Samples	Bile Salt Concentration (%)	0 min	1 min	240 min
AJ	0	6.86 ± 0.02 a	6.84 ± 0.05 a	6.79 ± 0.03 a
	0.3	6.86 ± 0.02 a	5.58 ± 0.05 b	2.70 ± 0.10 c
OJ	0	7.34 ± 0.11 a	7.11 ± 0.03 ab	6.99 ± 0.04 b
	0.3	7.34 ± 0.11 a	5.77 ± 0.07 b	3.54 ± 0.46 c
TJ	0	7.55 ± 0.03 a	7.01 ± 0.11 b	6.90 ± 0.01 b
	0.3	7.55 ± 0.03 a	4.89 ± 0.01 b	3.49 ± 0.03 c

^a,b,c Mean within the same row followed by different superscript letters represent a significant difference to that at 0 min (p < 0.05). AJ, probiotic-fortified apple juice; OJ, probiotic-fortified orange juice; TJ, probiotic-fortified tomato juice.

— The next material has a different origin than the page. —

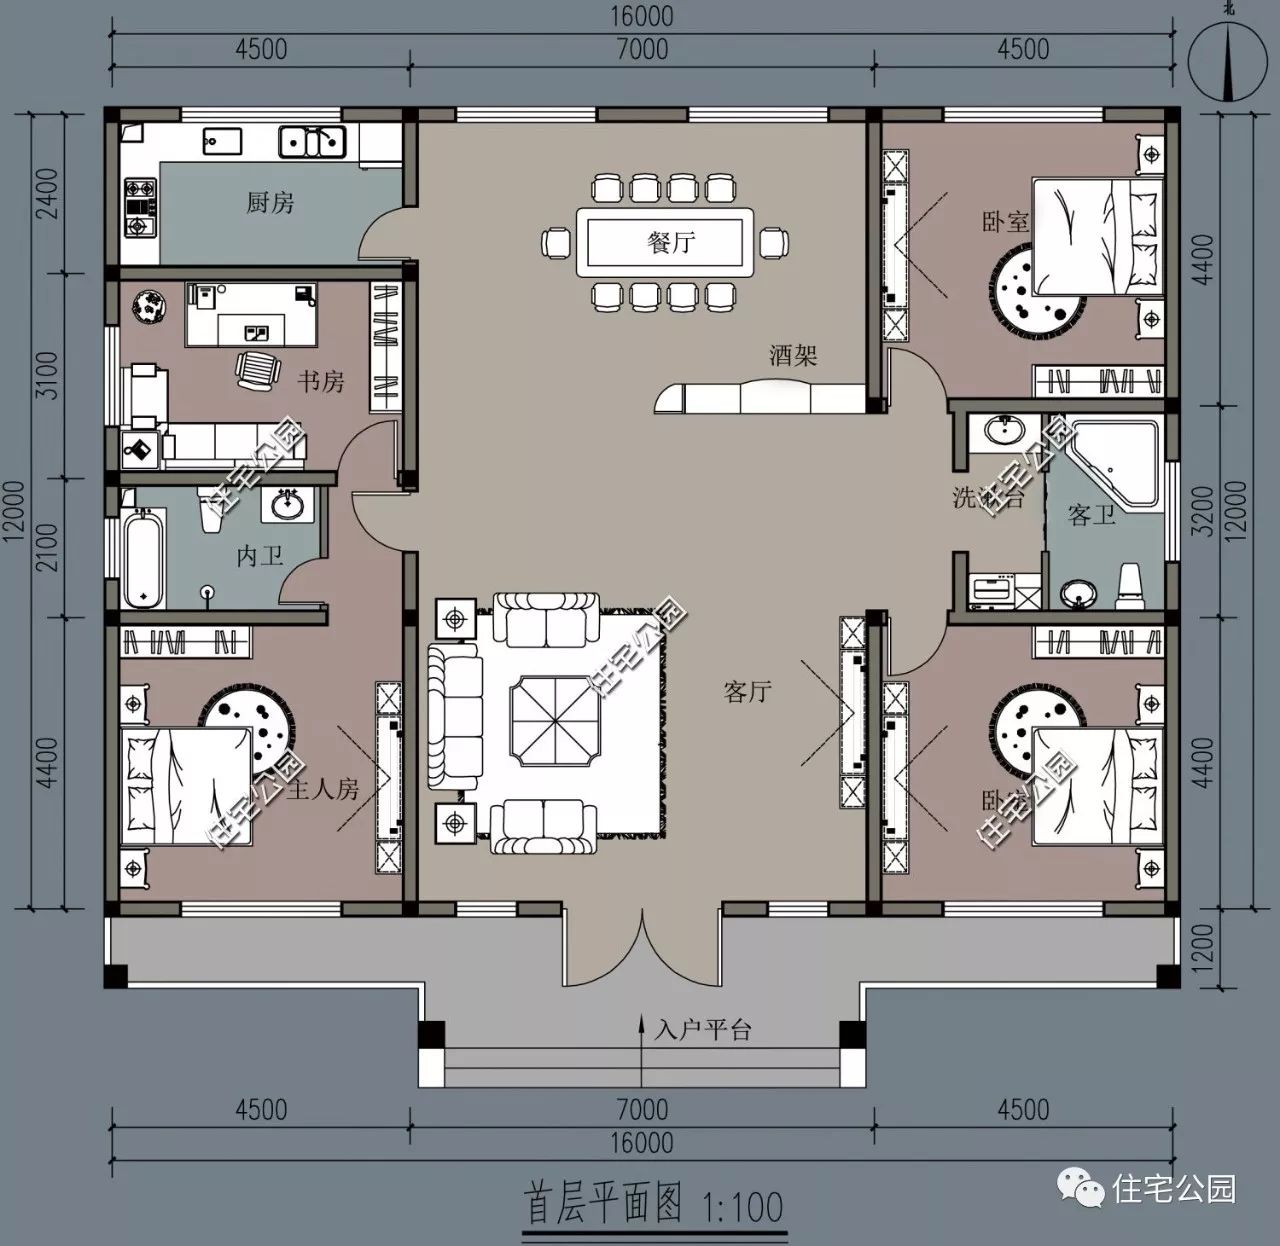 3室2厅,12x16米精致平层别墅(全图 预算 视频展示)

). However, the viability of probiotics in the 0.3% bile salt group significantly reduced (p < 0.05) throughout 240 min exposure. These results are very similar to the findings by Ranadheera et al. [32] where it was demonstrated that the probiotics viability in goat’s milk ice cream and yogurt were significantly lower in the group with 0.3% bile salt than that without bile salts in vitro. The major component of simulated small intestinal juice is pancreatin, which can only continue to digest the small molecular protein that are degraded by pepsin. Therefore, in this assay, pancreatin’s damage to probiotics was not significant. In addition, the reason for the viability reduction under 0.3% bile salt can also be potentially explained by bile acid composition. As surfactants, bile acids can emulsify the fats and oils into micelles and separate them from the rest part of food and waiting for the further digestion. This function can also pose an effect on probiotic’s cell membrane and degrade them. The findings of our study indicate that the lowest reduction of viability was noted in OJ (decrease of 3.8 log cfu/mL), followed by TJ (decrease by 4.06 log cfu/mL). This can indicate that OJ had a better protective effect than other juices on L. sanfranciscensis against simulated intestinal juice digestion. As fruit juices are highly popular among consumers as non-dairy products [39,40], selection of most suitable fruit juice carriers in terms of probiotic efficacy would be highly beneficial for both consumers and the beverage industry.

4. Conclusions

In this study, the ability of apple, orange and tomato juices as probiotic carriers during 4 weeks of storage at 4 °C as well as their potential protective effects on probiotics during in vitro gastrointestinal environment were evaluated. The pH value of juices indicated a decrease at the end of the 4 weeks of storage while the titratable acidity in OJ and TJ demonstrated a clear increasing trend over the storage time. Although there was a decline observed in probiotics viability in all three samples, the viable number of probiotics in each juice at the end of storage was still enough to meet the recommended viability level for probiotic food. Furthermore, all samples were found to have lower protective effects on the survival rate of L. sanfranciscensis during 60 min of exposure to simulated gastric juice and 240 min of digestion in the simulated small intestinal juice with 0.3% bile salt. In general, apple, orange and tomato juices can be regarded as the potential non-dairy food carriers for L. sanfranciscensis, which is not a typical beverage probiotic strain. However, further research is required to enhance their viability in the gastrointestinal environment and any potential health effects that these combinations might have after the consumption of products in healthy individuals.